Practice Multiple Choice Questions (MCQs)
-
Which of the following reagents is used to distinguish between primary, secondary, and tertiary alcohols?
(a) Fehling's solution
(b) Tollen's reagent
(c) Lucas reagent (Anhyd. ZnCl₂ + Conc. HCl)
(d) Schiff's reagent -
The reaction of phenol with chloroform in the presence of aqueous NaOH at 340 K, followed by acidification, yields:
(a) Salicylic acid
(b) Salicylaldehyde
(c) Anisole
(d) Benzoquinone -
Williamson synthesis is used for the preparation of:
(a) Alcohols
(b) Aldehydes
(c) Ethers
(d) Ketones -
Which of the following compounds is the most acidic?
(a) Ethanol
(b) Phenol
(c) p-Cresol (p-Methylphenol)
(d) p-Nitrophenol -
The product formed when ethanol is heated with concentrated H₂SO₄ at 443 K is:
(a) Ethoxyethane (Diethyl ether)
(b) Ethene
(c) Ethanal
(d) Ethanoic acid -
Identify the product 'Z' in the following reaction sequence:
Cumene --(i) O₂, (ii) H⁺/H₂O→ X + Y
X --Zn dust, Heat→ Z
(a) Benzene
(b) Toluene
(c) Phenol
(d) Acetone -
When anisole (methoxybenzene) is treated with HI, the products formed are:
(a) Iodobenzene and Methanol
(b) Phenol and Iodomethane
(c) Iodobenzene and Iodomethane
(d) Phenol and Methanol -
Primary alcohols can be oxidized to aldehydes using which of the following reagents?
(a) Acidified KMnO₄
(b) Acidified K₂Cr₂O₇
(c) Pyridinium Chlorochromate (PCC)
(d) Concentrated HNO₃ -
The IUPAC name for the compound CH₃-CH(OH)-CH₂-CH=CH₂ is:
(a) Pent-4-en-2-ol
(b) Pent-1-en-4-ol
(c) 4-Hydroxypent-1-ene
(d) 2-Hydroxypent-4-ene -
Which reaction condition is NOT suitable for preparing tert-butyl ethyl ether using Williamson synthesis?

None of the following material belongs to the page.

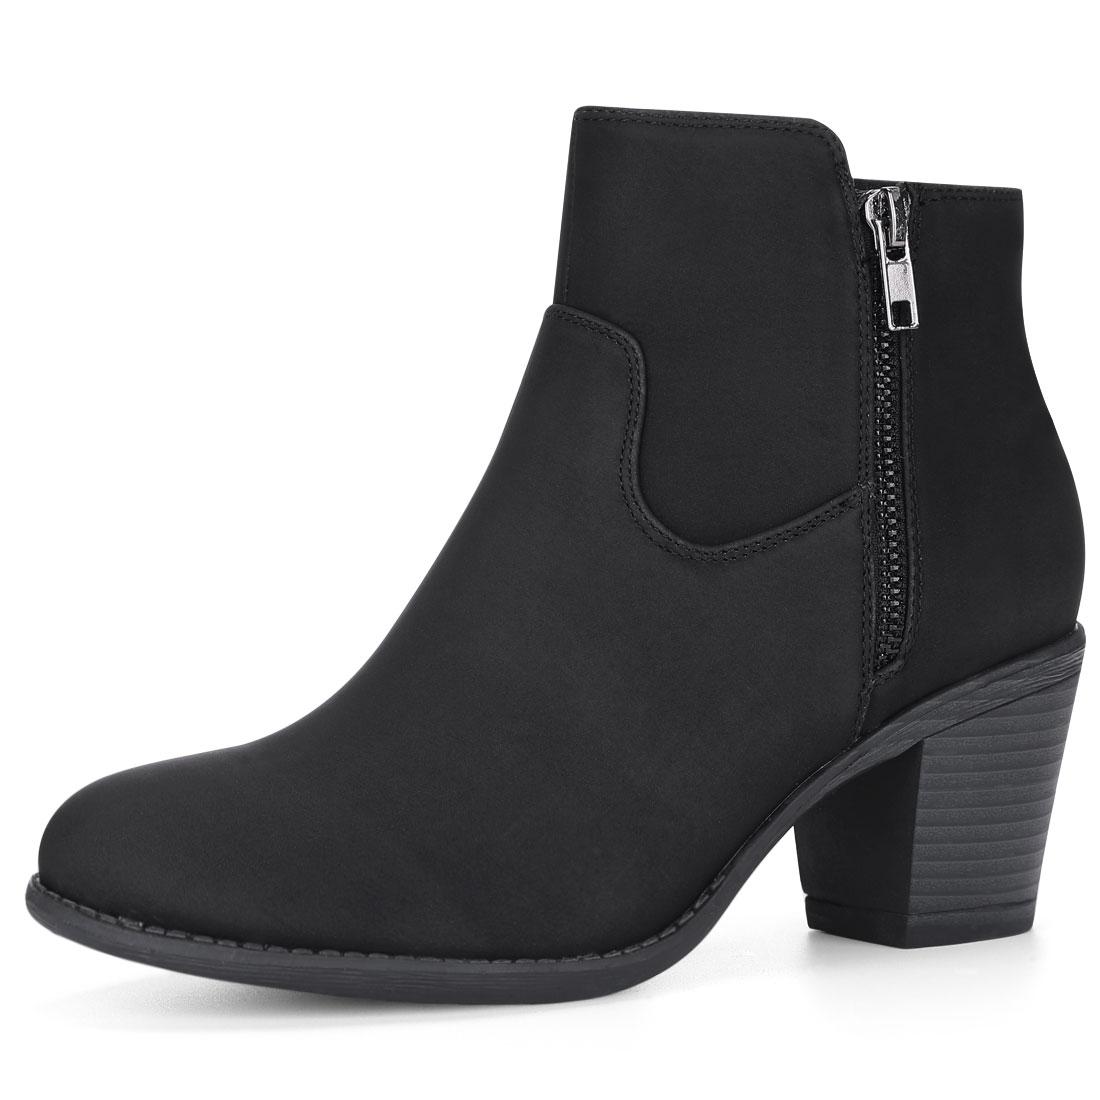 Allegra K Women Round Toe Stacked Chunky Heel Zipper Ankle Boots Black US 6.5
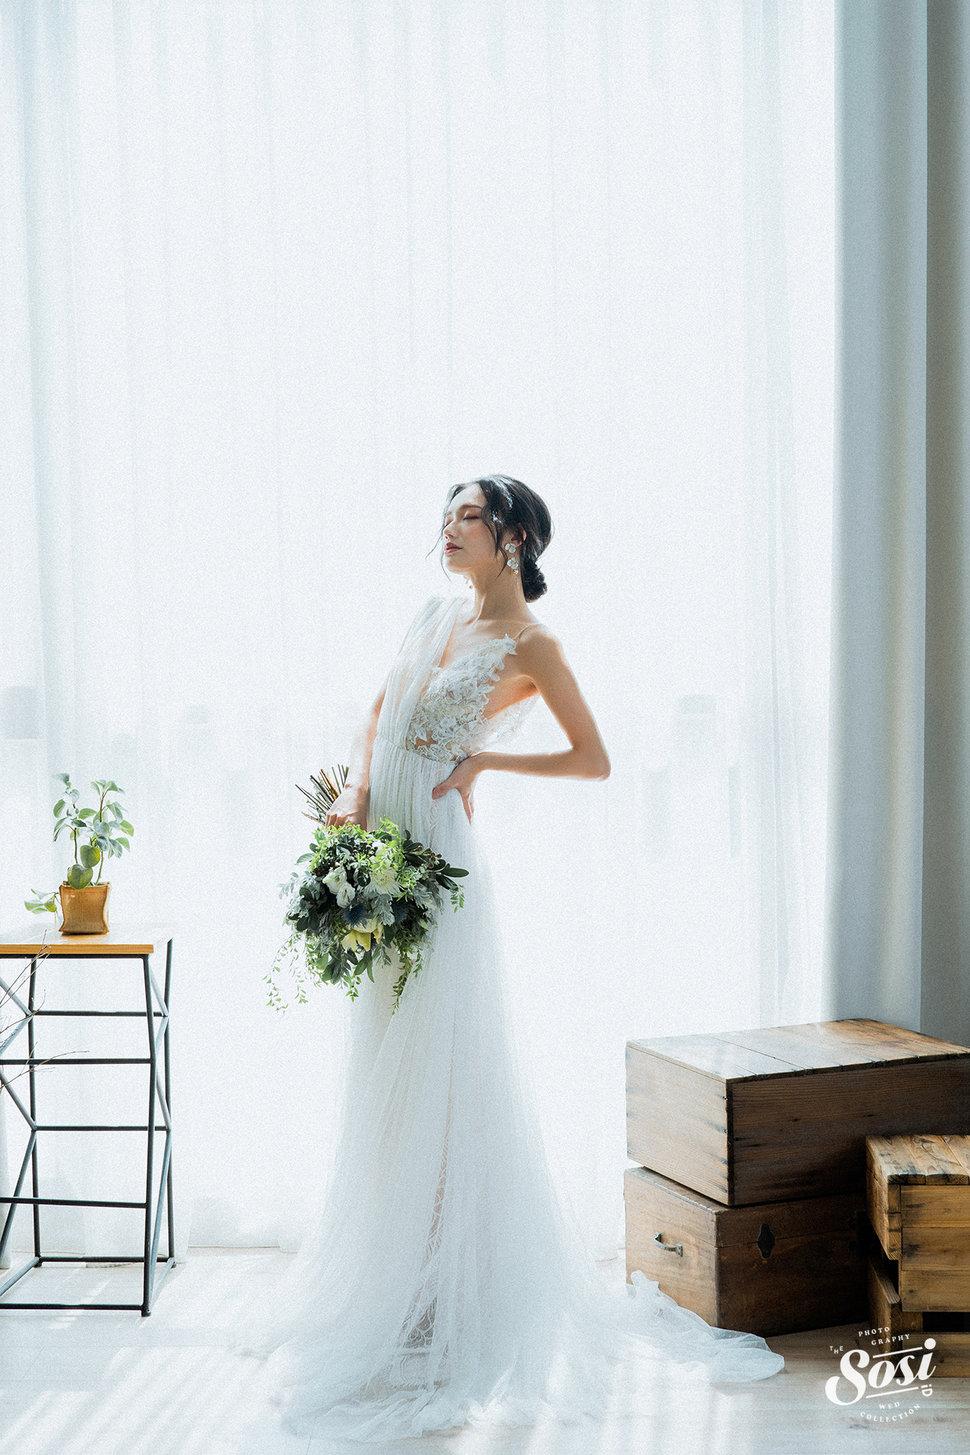 20191010-ERC00028 - sosi喜喜婚禮《結婚吧》

(a) Sodium ethoxide + tert-butyl bromide
(b) Sodium tert-butoxide + ethyl bromide
(c) Ethanol + tert-butyl bromide + NaH
(d) tert-Butyl alcohol + ethyl bromide + NaH
Answers to MCQs:
- (c)
- (b)
- (c)
- (d) (Due to the electron-withdrawing -NO₂ group)
- (b) (Elimination dominates at higher temperature)
- (a) (X is Phenol, Y is Acetone. Phenol + Zn dust -> Benzene)
- (b) (Cleavage occurs at the alkyl-oxygen bond)
- (c) (PCC is a mild oxidizing agent specific for this conversion)
- (a) (Numbering starts from the end nearer to the double bond, but -OH gets priority if equidistant or gives lower locant set. Here, double bond gets priority for lowest number, -OH position is 2. So, Pent-4-en-2-ol) Correction: Priority goes to functional group (-OH) over double bond. Numbering starts from right. Pent-1-en-4-ol. Let me recheck IUPAC rules. Rechecking: Functional group (-OH) gets priority over double bond for lowest number. Numbering starts from right: CH₃(5)-CH(OH)(4)-CH₂(3)-CH(2)=CH₂(1). Name: Pent-1-en-4-ol. So the answer is (b).
- (a) (Tert-butyl bromide is a 3° halide and will undergo elimination with the strong base ethoxide)
Remember to thoroughly revise these concepts, especially the named reactions, reaction mechanisms, and the reasons behind acidity/boiling point trends. These are frequently tested areas. Good luck with your preparation!